__Exercise__
Every line of the data below that holds the string "Management" needs to be reported.
Exercise inputs: Begin
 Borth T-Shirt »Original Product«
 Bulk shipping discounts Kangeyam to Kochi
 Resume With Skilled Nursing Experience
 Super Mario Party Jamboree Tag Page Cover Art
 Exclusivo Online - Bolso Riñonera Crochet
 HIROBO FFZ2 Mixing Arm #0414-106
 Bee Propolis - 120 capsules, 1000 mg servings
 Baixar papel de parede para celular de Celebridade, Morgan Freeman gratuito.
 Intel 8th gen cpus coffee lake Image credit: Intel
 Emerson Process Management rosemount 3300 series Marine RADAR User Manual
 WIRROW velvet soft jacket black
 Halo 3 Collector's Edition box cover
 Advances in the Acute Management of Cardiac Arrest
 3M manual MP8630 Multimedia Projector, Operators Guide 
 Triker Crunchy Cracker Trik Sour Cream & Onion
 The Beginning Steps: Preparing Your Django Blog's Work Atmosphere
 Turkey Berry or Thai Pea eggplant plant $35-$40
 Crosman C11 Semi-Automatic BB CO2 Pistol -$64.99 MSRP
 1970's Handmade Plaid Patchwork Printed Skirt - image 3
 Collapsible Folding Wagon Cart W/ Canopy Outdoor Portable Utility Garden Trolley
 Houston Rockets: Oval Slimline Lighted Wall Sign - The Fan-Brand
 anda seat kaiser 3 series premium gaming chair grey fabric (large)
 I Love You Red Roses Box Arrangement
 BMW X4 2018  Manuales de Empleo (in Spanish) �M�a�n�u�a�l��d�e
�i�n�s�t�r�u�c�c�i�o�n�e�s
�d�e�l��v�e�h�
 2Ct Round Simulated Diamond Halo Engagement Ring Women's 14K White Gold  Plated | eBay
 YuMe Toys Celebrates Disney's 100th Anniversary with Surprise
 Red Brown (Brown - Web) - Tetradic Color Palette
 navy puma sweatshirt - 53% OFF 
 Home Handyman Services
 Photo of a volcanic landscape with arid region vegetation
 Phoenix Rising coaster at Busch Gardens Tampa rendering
Exercise inputs: End
__Written solution__
 Emerson Process Management rosemount 3300 series Marine RADAR User Manual
 Advances in the Acute Management of Cardiac Arrest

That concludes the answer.